If you’re unfamiliar with the number of machines one must sell in order to call a game popular, here’s some context. For most titles today, a few thousand is the norm. There are just 41 machines in modern history (based on IPDB sales figures) that have ever sold more than 10,000 copies, and only two have cracked the 20,000 barrier: Eight Ball in 1979 and The Addams Family, which overtopped Eight Ball by selling 20,270 machines, then sold an additional thousand of a higher-quality “Gold Edition” in 1994. Why was The Addams Family so popular? Quite frankly, it happened to have the right confluence of elements: easy to play, hard to master, and it didn’t hurt that it was made in 1992, right at the peak of pinball’s popularity in the early ‘90’s. And it’s impossible not to smile when Raul Julia (as Gomez Addams), backed by an increasing sonic crescendo, announces the beginning of multiball with an exuberant, “IT’S SHOWTIME!”

 

http://kidforcepinball.com/images/playfields/4_large.jpg

 

Twilight Zone (WMS Industries, Inc., 1993)

For your consideration: After the success of The Addams Family, designer Pat Lawlor was given permission to make his next game even cooler. That game—which required widening the playfield by half a foot just to accommodate its abundance of gadgets, including a pinball-dispensing gumball machine and a mini-playfield with invisible virtual “magna-flippers”—has also become the most “modded” game, as collectors and enthusiasts invent new toys to augment the originals. Also, it’s a hell of a lot of fun.

 

http://www.northcarolinapinball.com/wp-content/uploads/2013/08/twilight-zone-pinball-playfield-overview.jpg

 

The Pinball Circus (WMS Industries, Inc., 1994)

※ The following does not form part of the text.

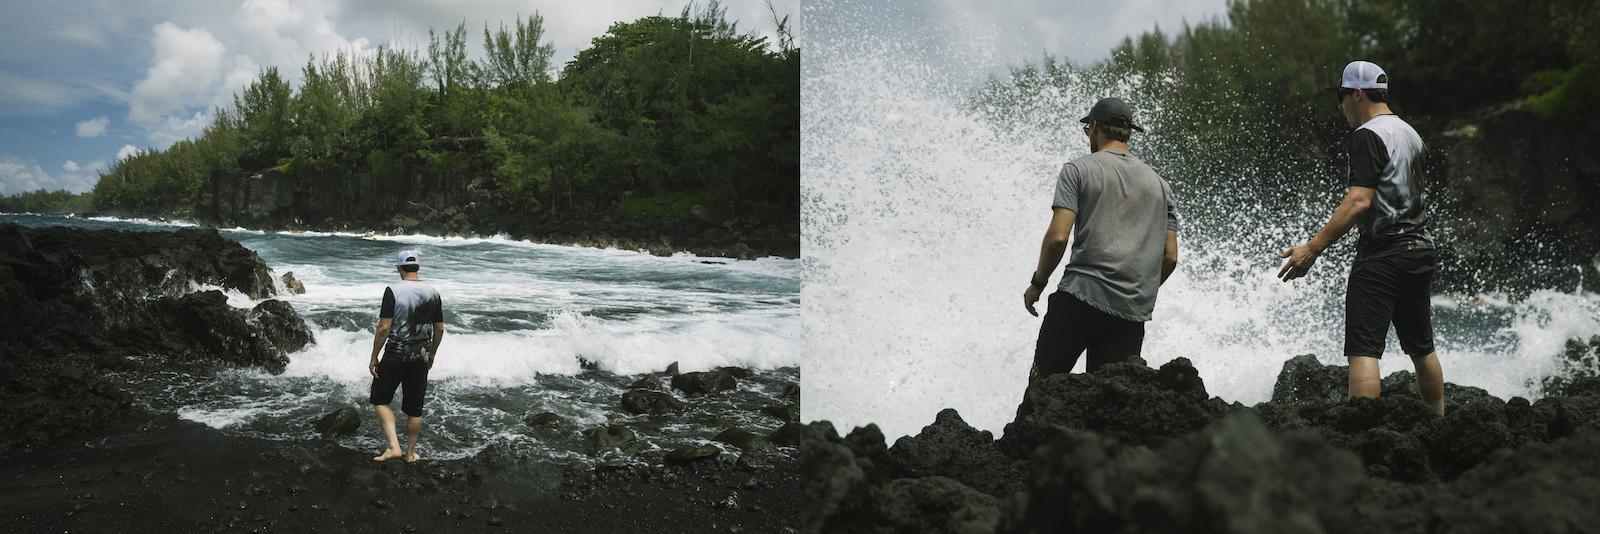 Bryn Atkinson Bas VanSteenbergen David Delassus Theo Booy on Reunion Island Indian Ocean

One-of-a-kind pinball machines are rare (well, duh), but it’s even rarer to have one publicly playable. And rarer still for one that looks as nifty as the semi-vertical Pinball Circus. I guess what I’m saying is, playing The Pinball Circus at the Pinball Hall of Fame in Las Vegas, where it currently resides, is not just like finding a unicorn—it’s like finding a unicorn you’re allowed to pet for a dollar. (Technically the machine, built as an engineering prototype before WMS rejected the concept, is two-of-a-kind, but the second is in a private collection.) The goal is to use the seven flippers, elephant’s trunk, and giraffe’s neck to send the pinball up to each subsequent level, until at the top level you knock out the clown’s teeth, which actually makes for a somewhat gory circus experience.

 

Photo supplied with permission from Jay Stafford.

 

The Who’s Tommy Pinball Wizard (Data East Pinball, Inc., 1994)

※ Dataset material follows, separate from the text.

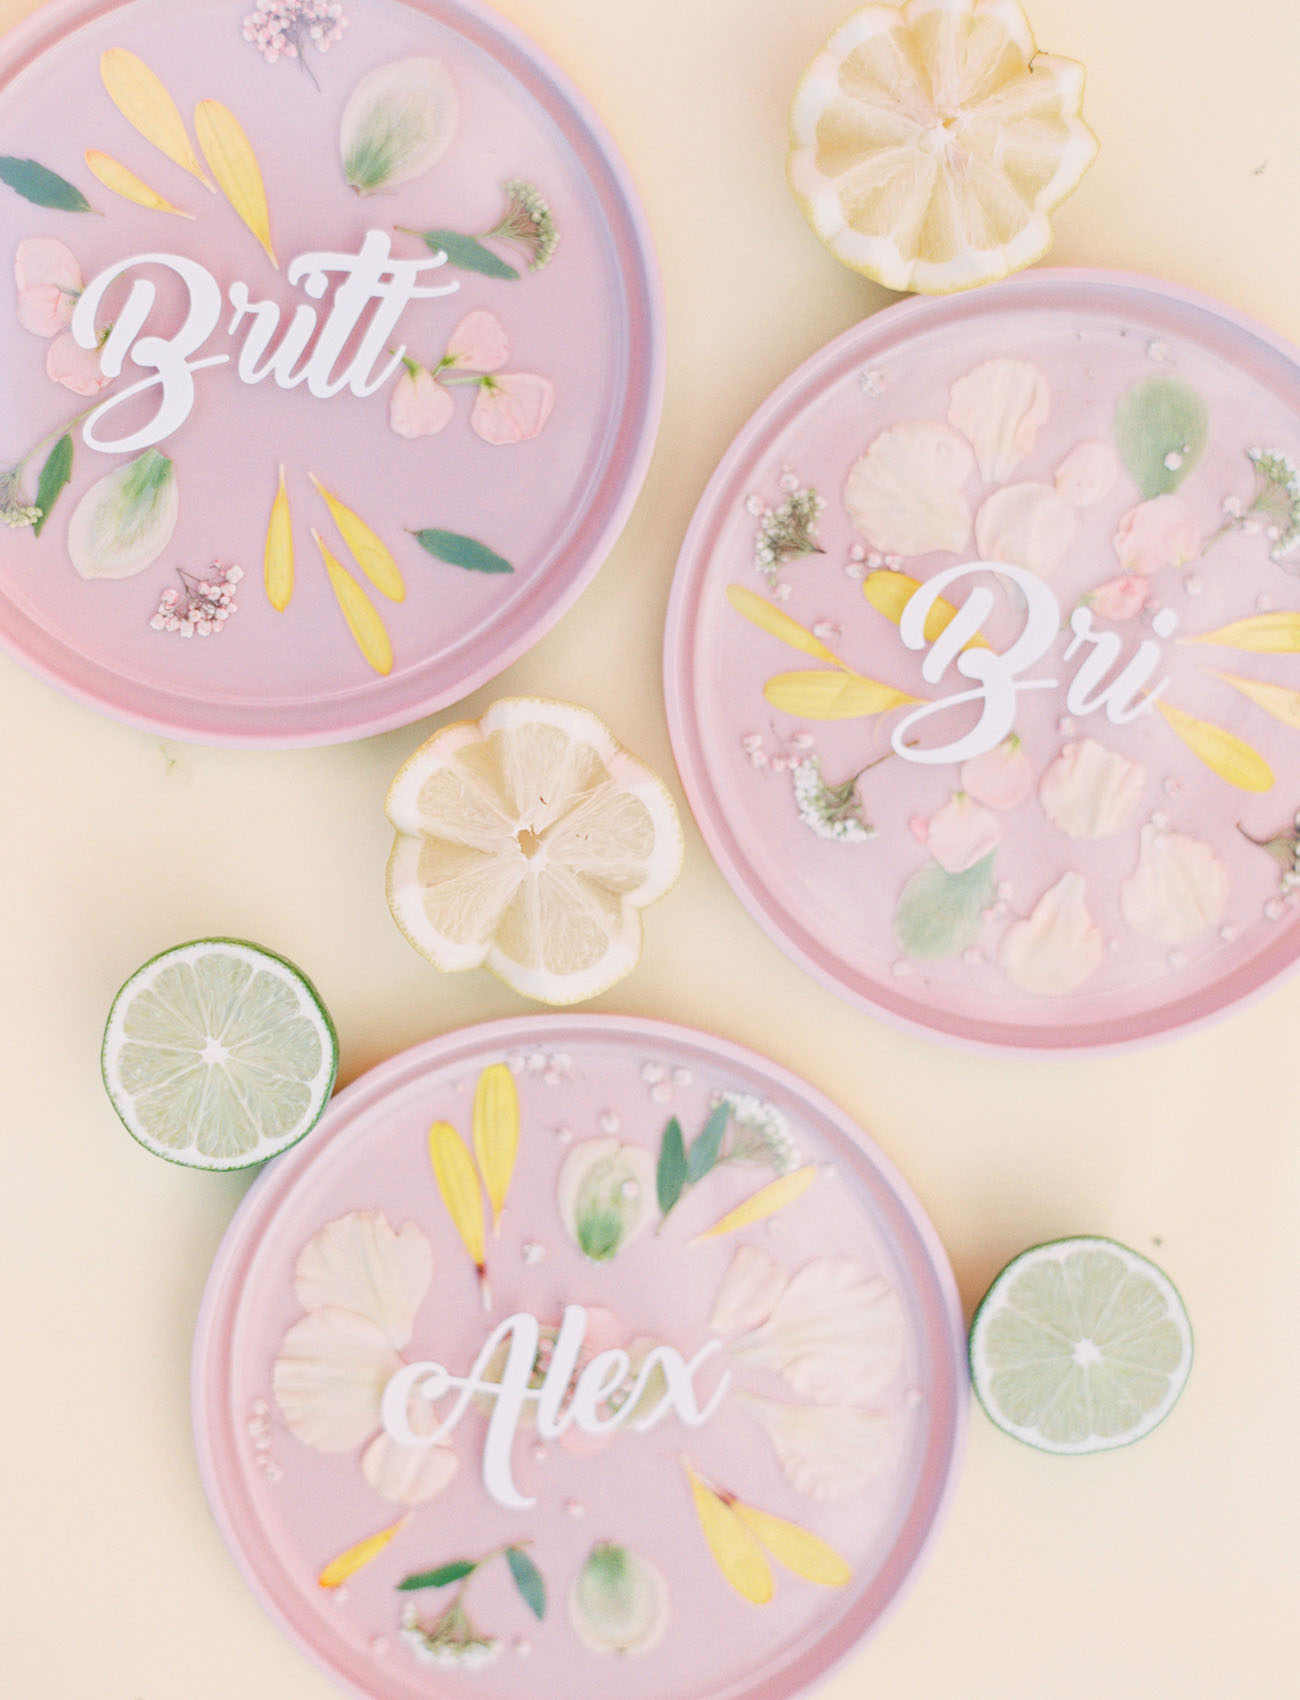 acrylic pressed flowers

It’s inevitable, don’t you think? Tommy, the rock opera and subsequent film that rekindled America’s love of pinball, happens to make a nice subject for a pinball machine itself. Besides the terrific music, this game includes an opaque “blinder” that makes the player feel like the eponymous deaf, dumb, and blind kid—it expands across the flippers, making each flip somewhat of a haphazard guess with no visual feedback. See me, feel me, touch me, play me.

 

http://www.themeparkreview.com/forum/files/tommy.jpg

 

Apollo 13 (Sega Pinball, Inc., 1995)

In the you-know-what-measuring contest of whose multiball has the most balls, no game can top Apollo 13. Some games have tried: Aerosmith has a six-ball multiball, Indiana Jones has eight, and let’s not forget the nine in Balls-a-Poppin. Apollo 13 has a throw-everything-at-you 13-ball multiball. Locking balls inside the spaceship rocket triggered this thrilling, somewhat baffling turn of events, as players struggled not to lose six or seven balls in the first five seconds.

 

http://www.purcellvillepinball.com/images/Apollo13/a1305.jpg

 

Attack from Mars (WMS Industries, Inc., 1995)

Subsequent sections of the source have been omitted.